Return, with both end lines included, exactly what the data below holds from the line with "Salade trio de tomates - Ingredients - fr" through the line with "Riyogems 1 pièce", though not the pictures.

- **DATASET ENTRIES**
***

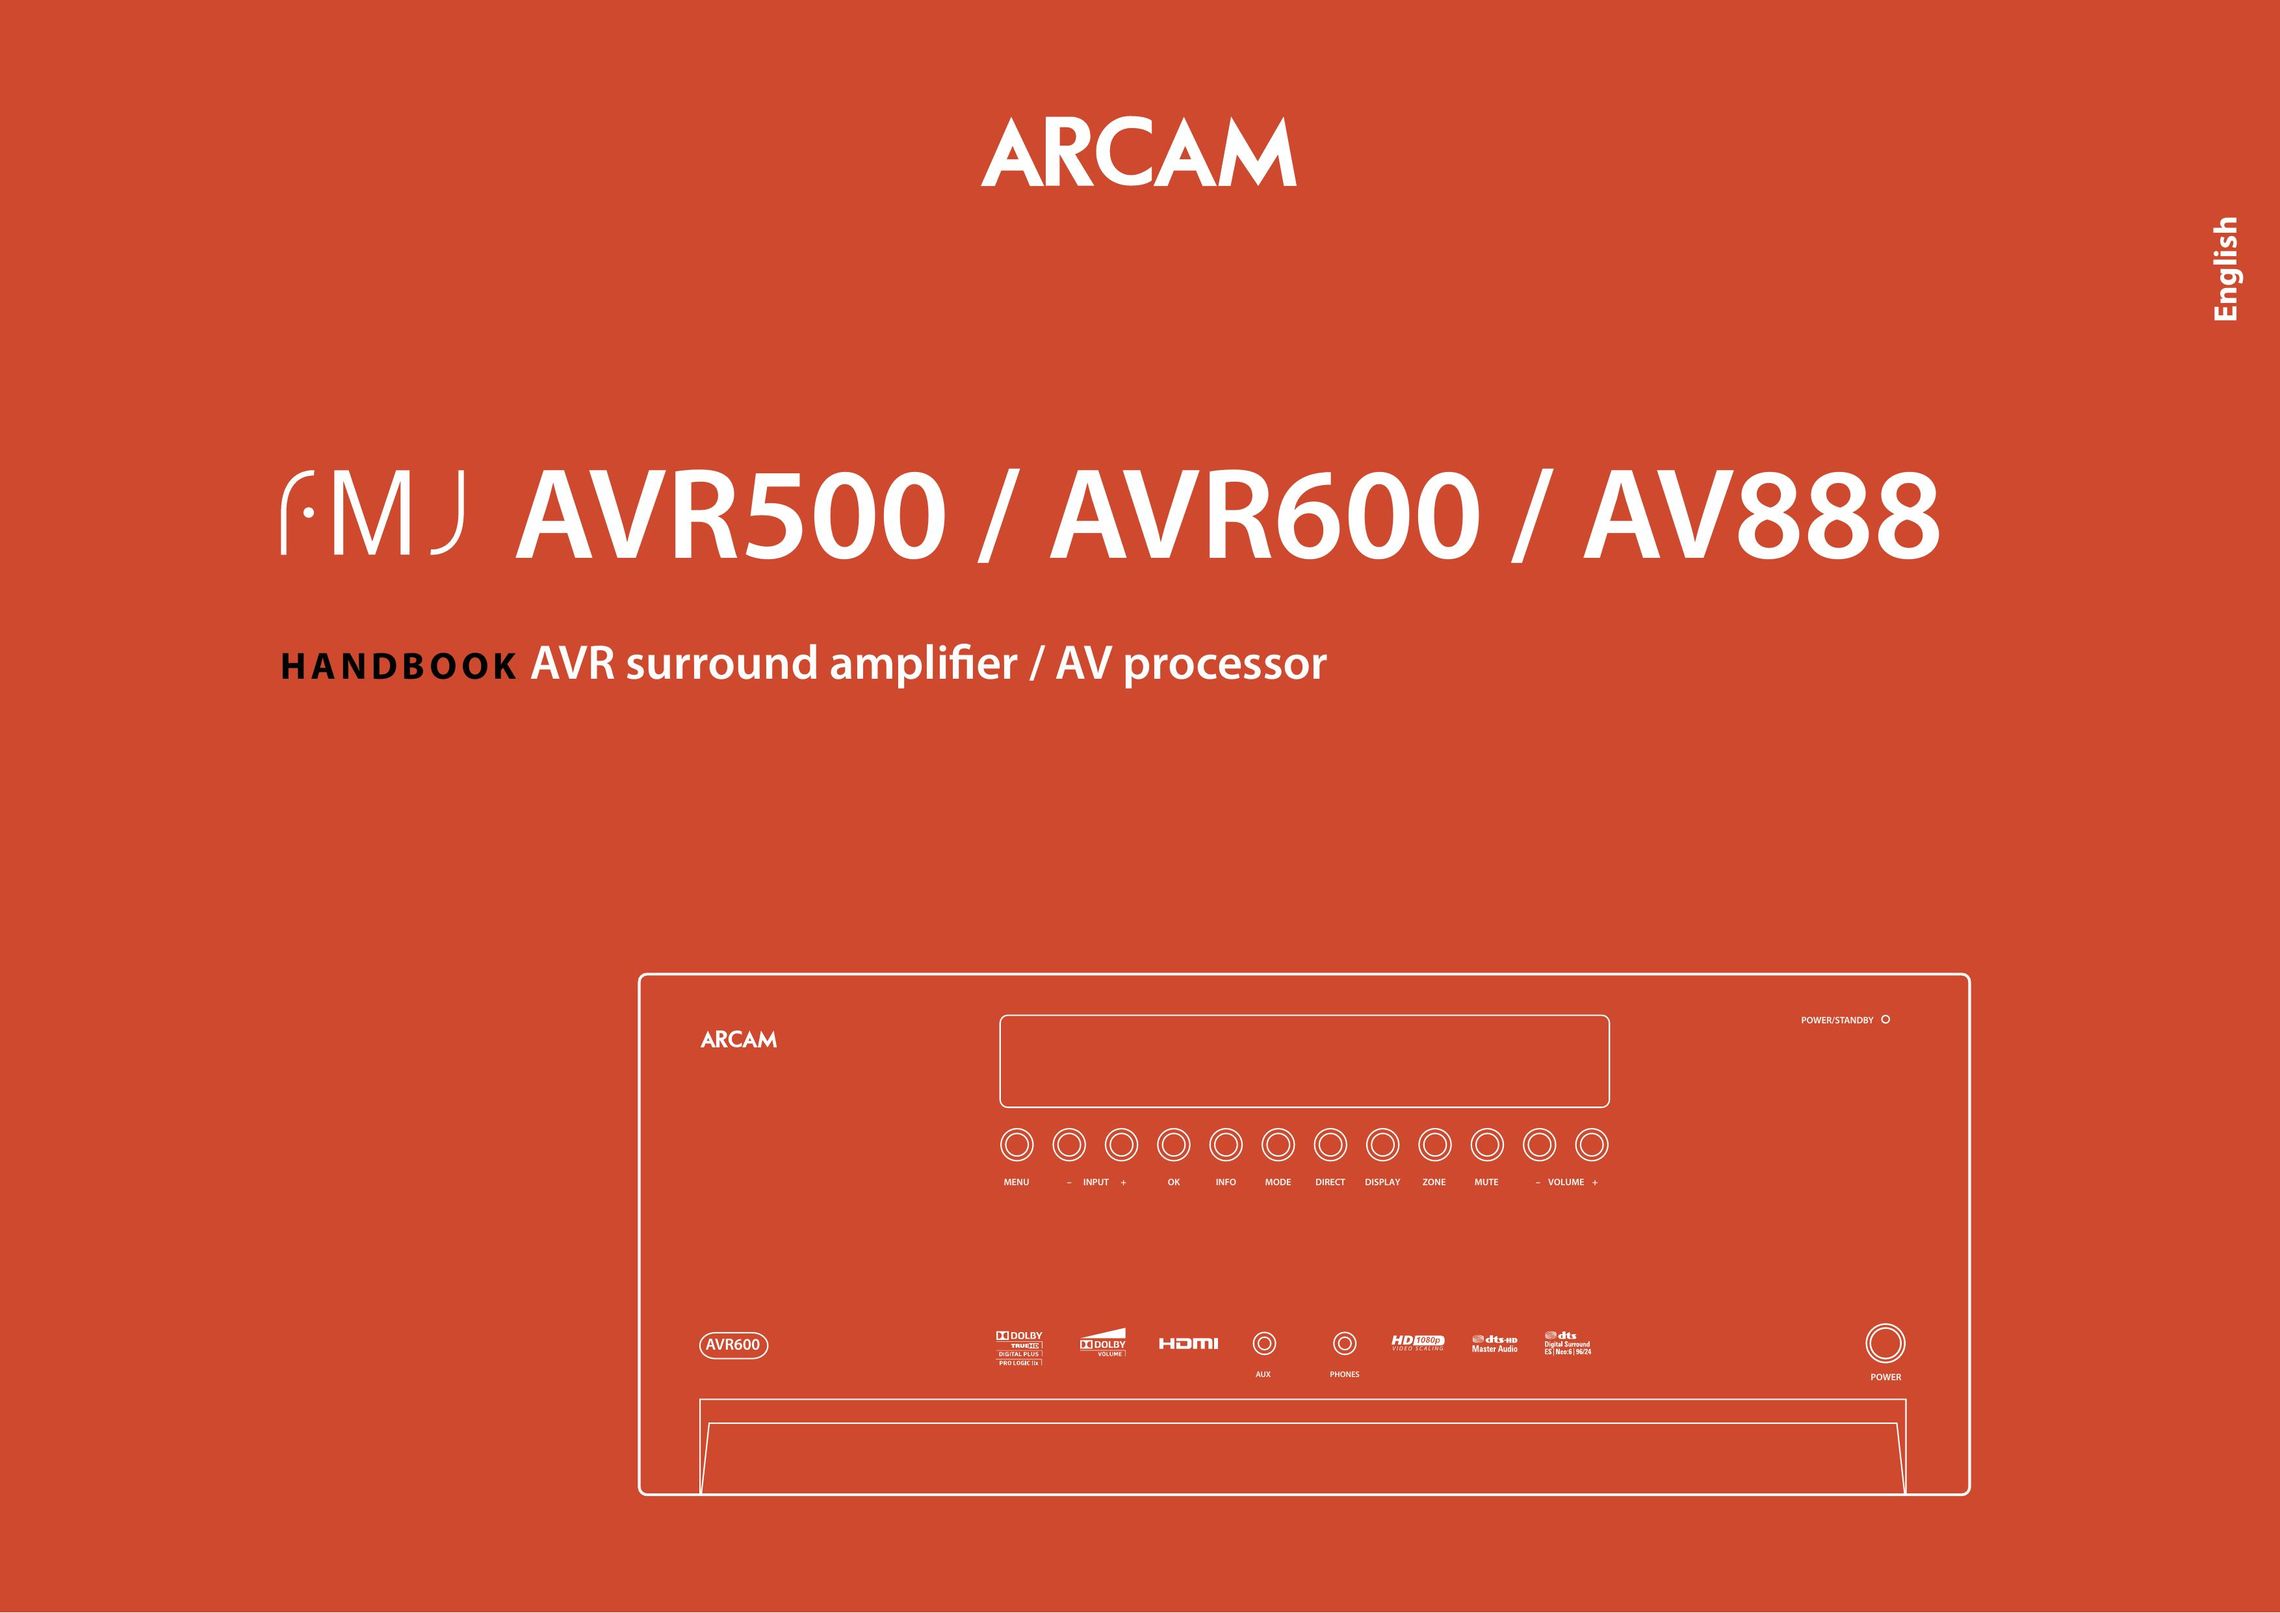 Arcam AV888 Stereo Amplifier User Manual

***

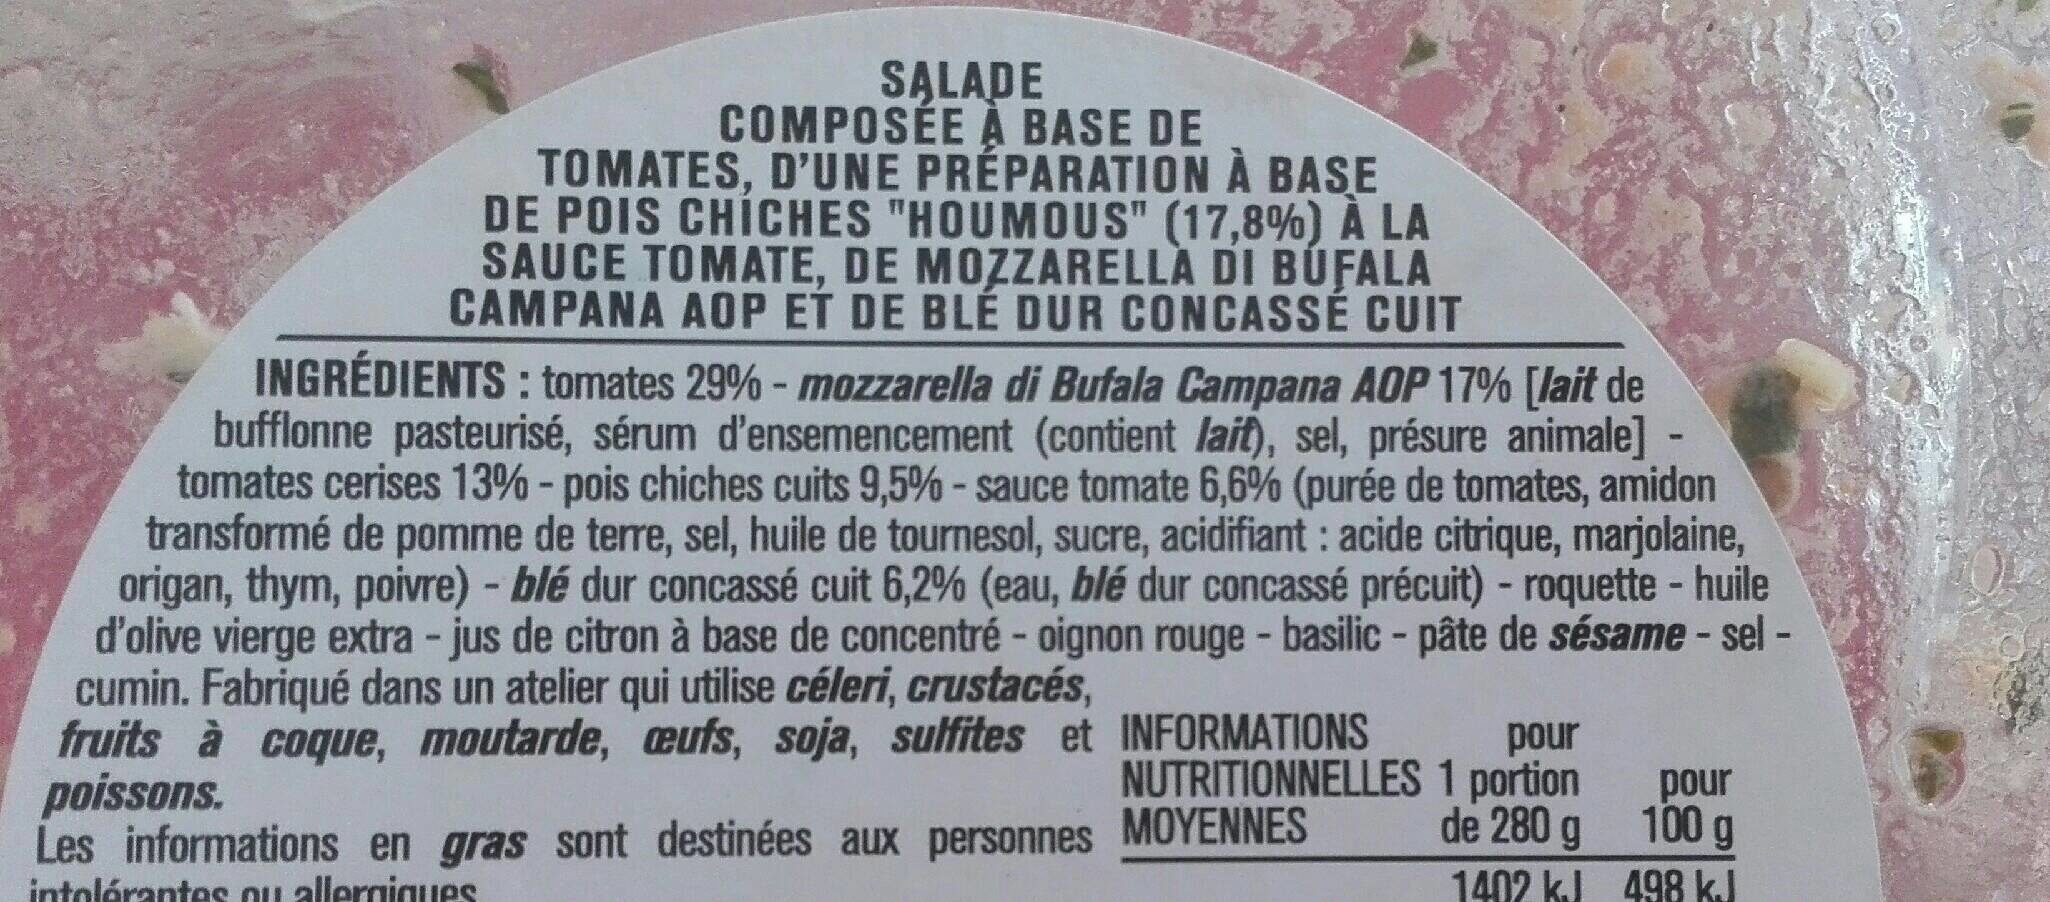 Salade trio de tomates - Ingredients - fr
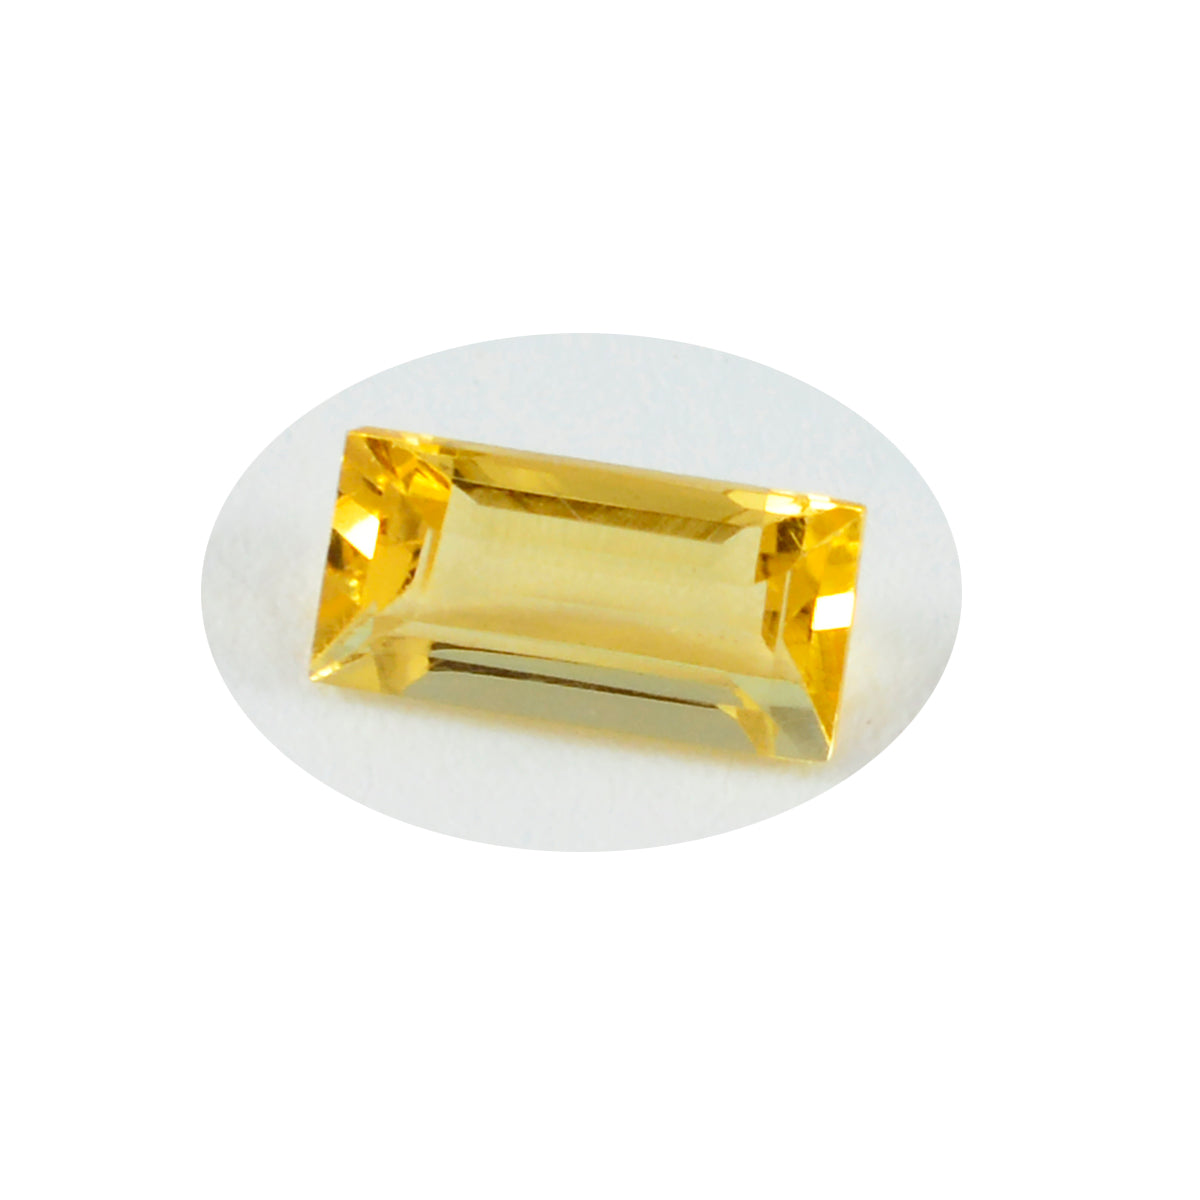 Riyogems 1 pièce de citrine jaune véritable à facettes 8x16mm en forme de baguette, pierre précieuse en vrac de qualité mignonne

***

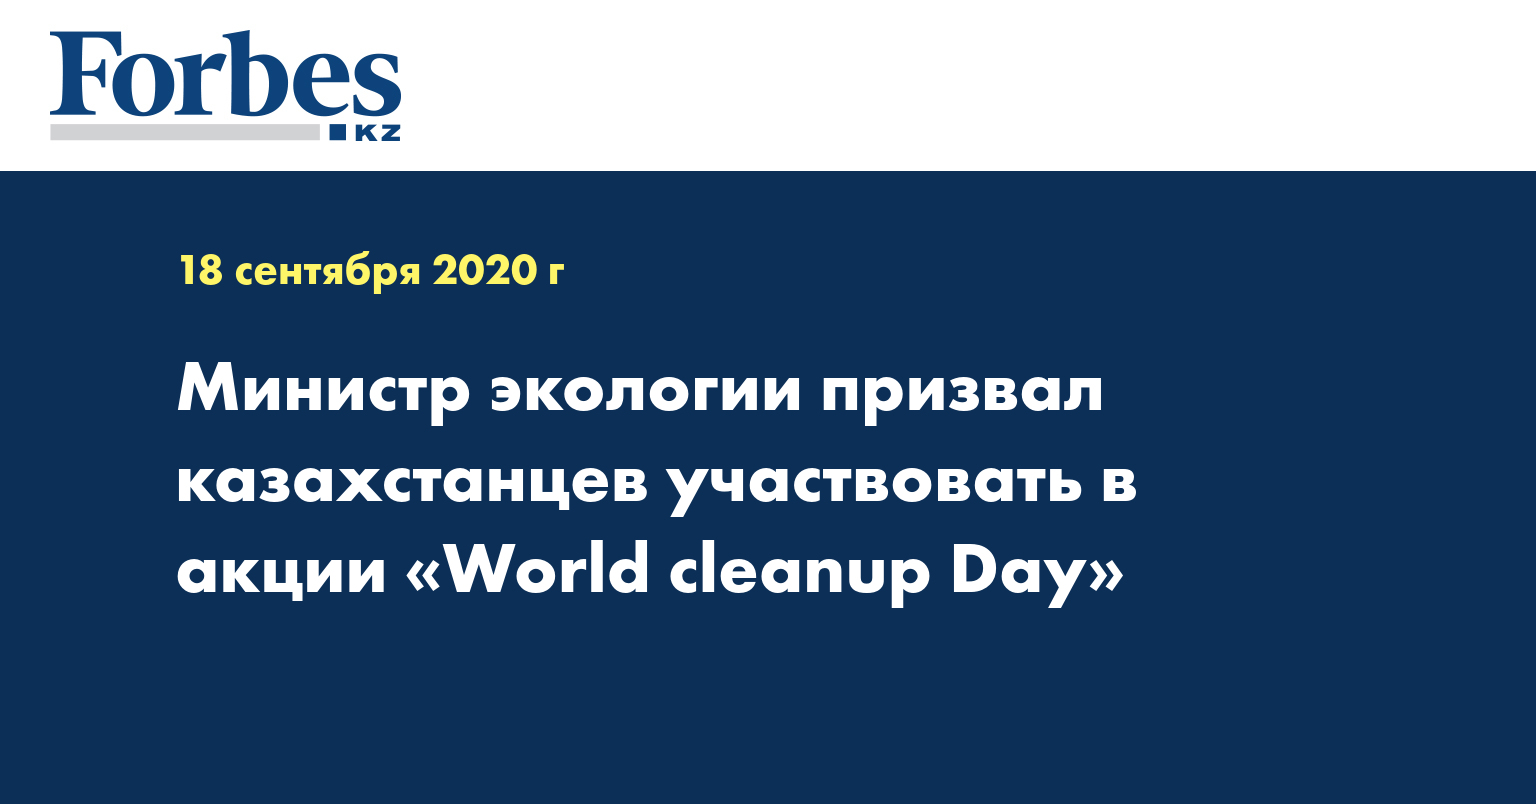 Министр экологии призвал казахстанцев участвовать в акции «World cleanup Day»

***

- **RESPONSE TO THE EXERCISE**
 Salade trio de tomates - Ingredients - fr
 Riyogems 1 pièce de citrine jaune véritable à facettes 8x16mm en forme de baguette, pierre précieuse en vrac de qualité mignonne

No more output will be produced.